How tissue homeostasis is maintained during physiological conditions or upon tissue damage remains the top important yet unresolved issue. Accumulating evidence over the past two decades has established the Hippo signaling pathway as central regulator of organ size control, tissue homeostasis and regeneration. Excessive activation or absence of the Hippo signaling leads to abnormal tissue growth, disrupted tissue regeneration and repair that ultimately result in tissue damage and tumorigenesis. The core members of this pathway are composed of the upstream kinase complex MST/SAV/LATS/MOB and the downstream transcriptional complex YAP/TAZ-TEADs. Despite the well-defined regulatory mechanism of Hippo signaling activity, the molecular basis that tissue/organ initiates specific target gene program to orchestrate tissue homeostasis is unclarified. Particularly, how the Hippo signaling pathway regulates cell apoptosis is in need of further study.
The study entitled as “A regulation loop between YAP and NR4A1 balances cell proliferation and apoptosis” was published in Cell Reports on October 20, 2020.
By integrating genome-wide multi-omics approach, researchers led by Prof. ZHANG Lei from the Center for Excellence in Molecular Cell Science, Shanghai Institute of Biochemistry and Cell Biology of the Chinese Academy of Sciences (CAS) has identified NR4A1 as a key mediator of cell apoptosis significantly repressed by YAP via recruiting the epigenetic complex NuRD. In addition, YAP constrained mitochondrial localization of NR4A1 through AKT to abrogate its proapoptotic function. As a feedback loop, NR4A1 facilitates YAP ubiquitination and degradation to augment the Hippo signaling. This reciprocal relationship of YAP/NR4A1 is of physiological significance during liver regeneration and tumorigenesis. The repression of NR4A1 upon partial hepatectomy is critical to establish YAP signaling robustness for efficient hepatocyte proliferation and liver regeneration. Activation of NR4A1 suppresses YAP activity to avoid tissue overgrowth that lead to tumorigenesis, where YAP is commonly overexpressed. Collectively, this study identifies NR4A1 as a directly repressed target of YAP/TAZ-TEADs and show that the reciprocal feedback regulation between YAP and NR4A1 enables proper organ size during liver regeneration and constrains tumorigenesis to maintain tissue homeostasis.
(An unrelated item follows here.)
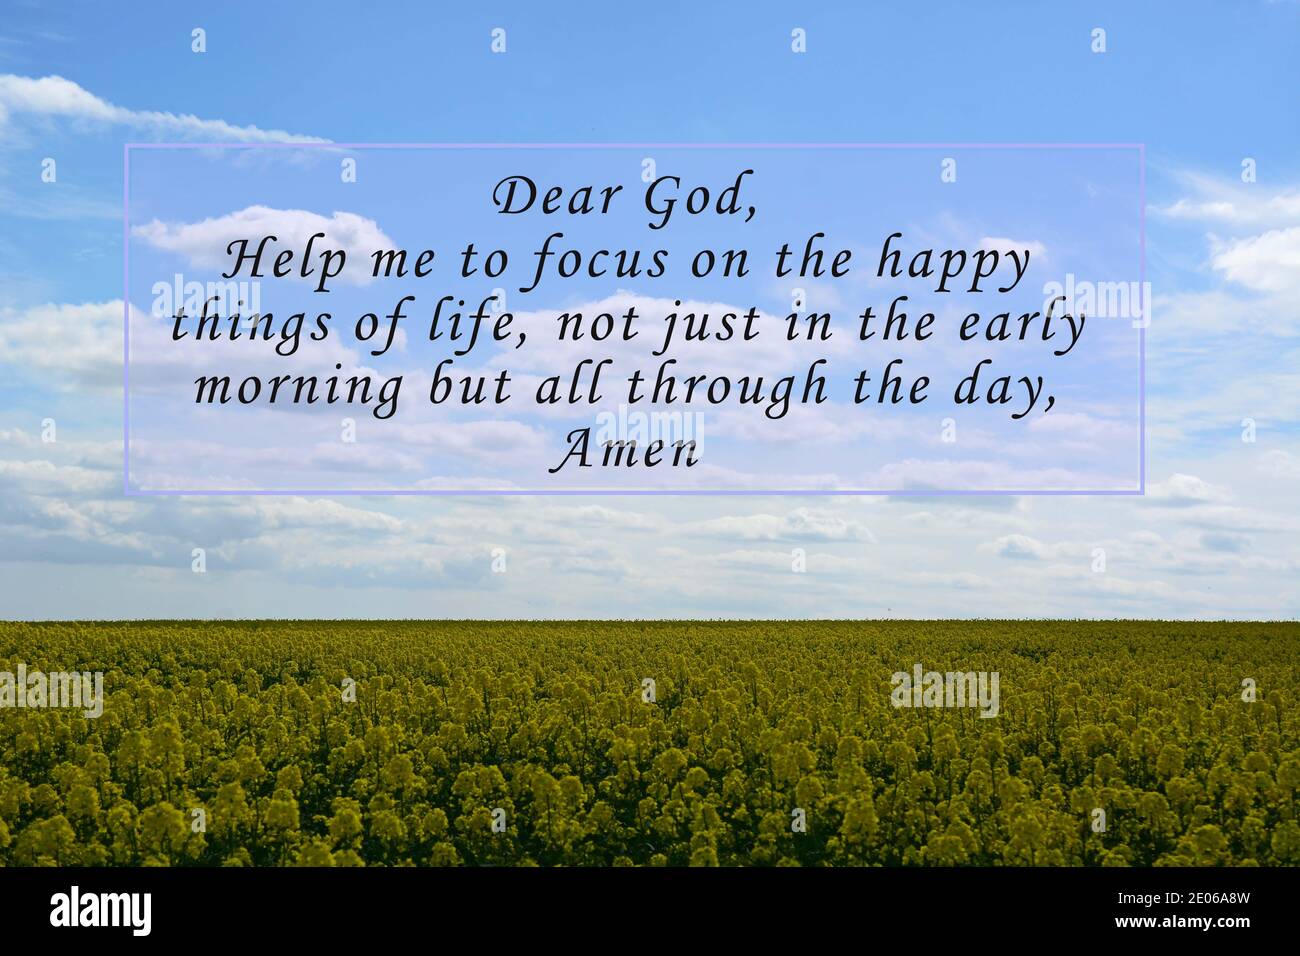 Image with prayer quotes - Dear God, help me to focus on the happy ...

Proposed working model of the regulation loop between YAP and NR4A1：Under the circumstance of environmental stresses, such as liver damage that initiating liver regeneration or tumor initiation, inactivation of Hippo signaling, on the one hand, triggers YAP activation and nuclear translocation to recruit NuRD complex, leading to transcriptional repression of NR4A1 and activation of proliferation-related target genes. On the other hand, activated YAP signaling drives AKT-dependent phosphorylation of NR4A1 to disrupt its mitochondrial localization and pro-apoptotic activity. These events are critical to establish YAP signaling robustness for efficient hepatocyte proliferation and liver regeneration. When liver normally reaches its approximate size, the Hippo signaling is reactivated to restore the expression and mitochondrial targeting of NR4A1 to help constrain YAP activity through enhancing its binding to 14-3-3 and degradation, which consequently results in proper tissue homeostasis to avoid tissue overgrowth that lead to tumorigenesis, where YAP is commonly overexpressed.